We'll use k-means to rediscover these clusters in unsupervised learning:

In [None]:
# Import the matplotlib inline magic command to display plots in the notebook
%matplotlib inline

# Import the KMeans class from the sklearn.cluster module
from sklearn.cluster import KMeans
# Import the pyplot module from the matplotlib library and alias it as plt
import matplotlib.pyplot as plt
# Import the scale function from the sklearn.preprocessing module
from sklearn.preprocessing import scale

# Create a dataset of 100 data points in 5 clusters using the createClusteredData function
data = createClusteredData(100, 5)

# Instantiate a KMeans object with 5 clusters
model = KMeans(n_clusters=5)

# Scale the data to normalize it and assign it back to the data variable
# Scaling is important for good results because it reduces the effect of outliers and different scales of features
# Scaling transforms the data to have zero mean and unit variance for each feature
data = scale(data)

# Fit the model to the scaled data
# This will assign each data point to one of the 5 clusters based on the distance to the cluster centroids
model = model.fit(data)

# Print the labels of the clusters assigned to each data point by the model
# The labels are integers from 0 to 4, corresponding to the 5 clusters
print(model.labels_)

print(model.labels_.astype(float))

# Visualize the data and the clusters using a scatter plot
# Set the figure size to 8 by 6 inches
plt.figure(figsize=(8, 6))

# Plot the data points with their x and y coordinates as the first and second features
# Use the cluster labels as the color of the points
plt.scatter(data[:,0], data[:,1], c=model.labels_.astype(float))

# Show the plot
plt.show()

note:

```python
plt.scatter(data[:,0], data[:,1], c=model.labels_.astype(float))
```

This line of code uses the pyplot module from the matplotlib library, which is imported as plt, to create a scatter plot of the data and the clusters. A scatter plot is a type of plot that shows the relationship between two variables by using dots to represent the values of the variables for each observation. The arguments of the plt.scatter function are:

- data[:,0]: This is the first feature of the data, which is the income value. The data variable is a numpy array of shape (n_samples, n_features), where n_samples is the number of data points and n_features is the number of features. The [:,0] notation means that we are selecting all the rows and the first column of the array, which corresponds to the income feature.
- data[:,1]: This is the second feature of the data, which is the age value. The data variable is a numpy array of shape (n_samples, n_features), where n_samples is the number of data points and n_features is the number of features. The [:,1] notation means that we are selecting all the rows and the second column of the array, which corresponds to the age feature.
- c=model.labels_.astype(float): This is the color of the dots, which is determined by the cluster labels assigned by the model. The model variable is a KMeans object that has a labels_ attribute, which is a numpy array of shape (n_samples,) that contains the cluster labels for each data point. The labels are integers from 0 to 4, corresponding to the 5 clusters. The astype(float) method converts the labels to floating-point numbers, which are required for the color argument of the plt.scatter function. The color argument determines the color of the dots based on a colormap, which is a mapping from numbers to colors. The default colormap is viridis, which is a perceptually uniform colormap that ranges from yellow to purple. The lower the number, the more yellow the color, and the higher the number, the more purple the color.
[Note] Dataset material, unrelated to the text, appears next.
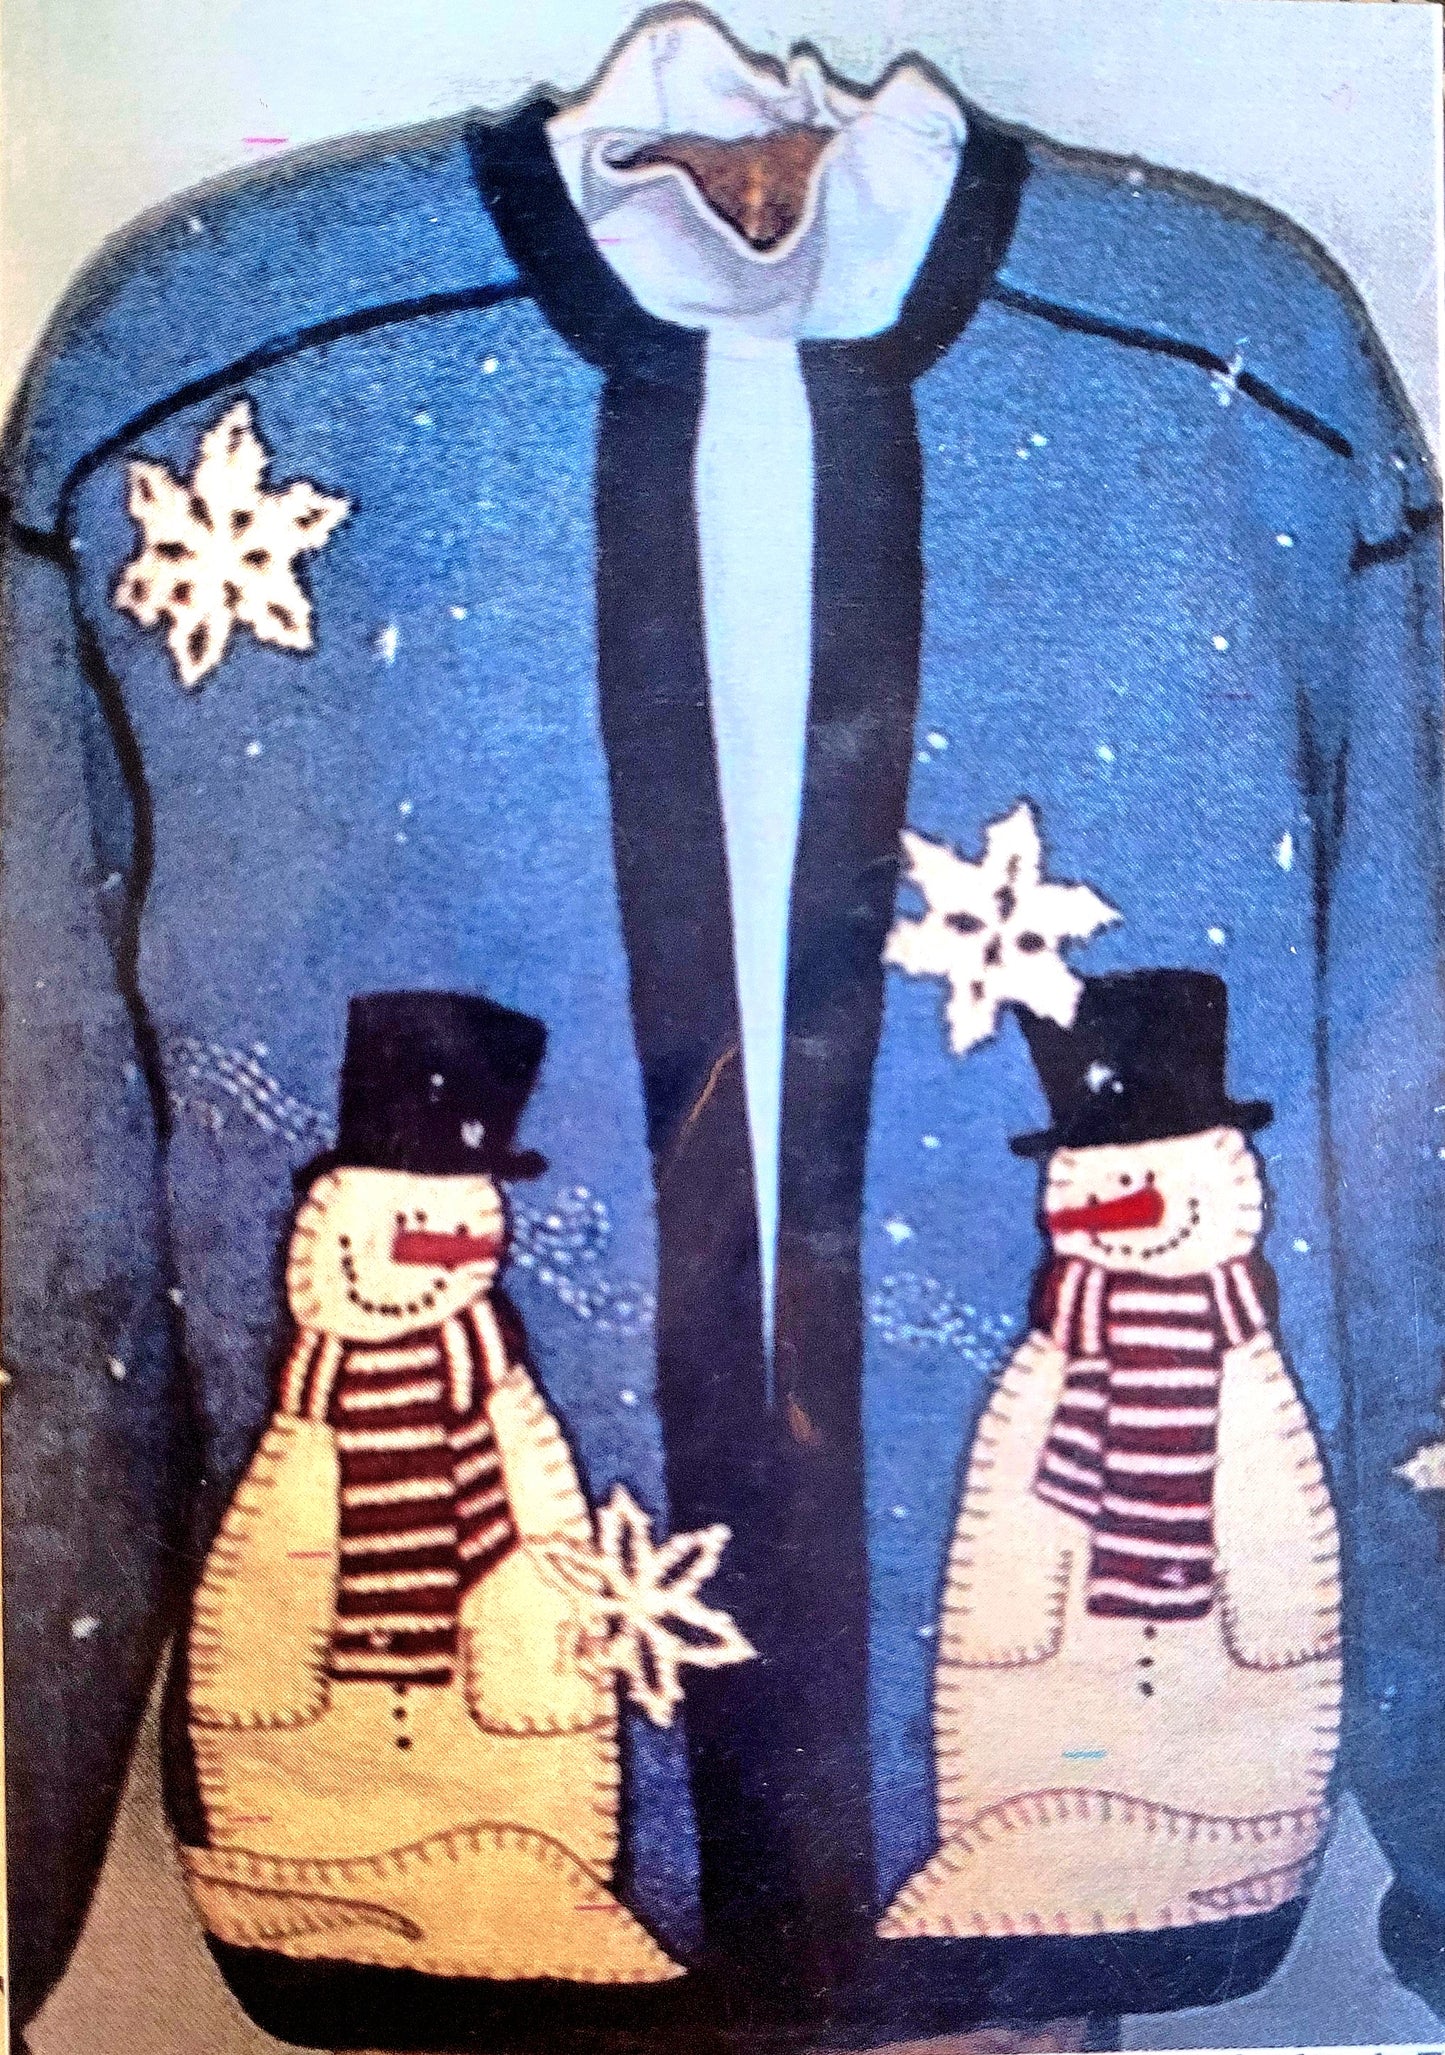 “Snow Days” Jacket Pattern – Dolls ‘n Stuff #060 Embroidery Snowman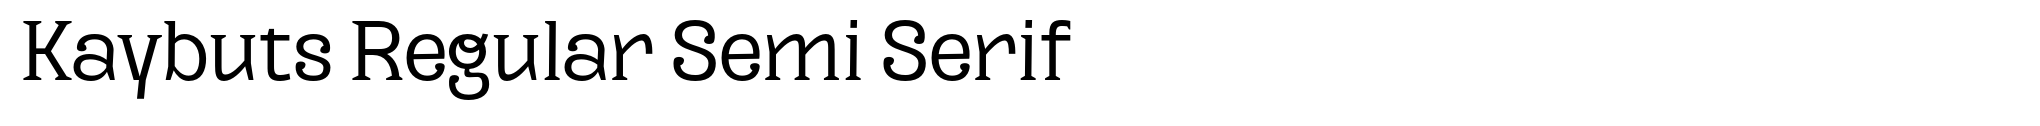 Kaybuts Regular Semi Serif image

The result of this line of code is a scatter plot of the data and the clusters, where the x-axis is the income feature, the y-axis is the age feature, and the color of the dots is the cluster label. The scatter plot shows the distribution and the grouping of the data points based on the income and age features and the cluster centroids.

## Activity

Things to play with: what happens if you don't scale the data? What happens if you choose different values of K? In the real world, you won't know the "right" value of K to start with - you'll need to converge on it yourself.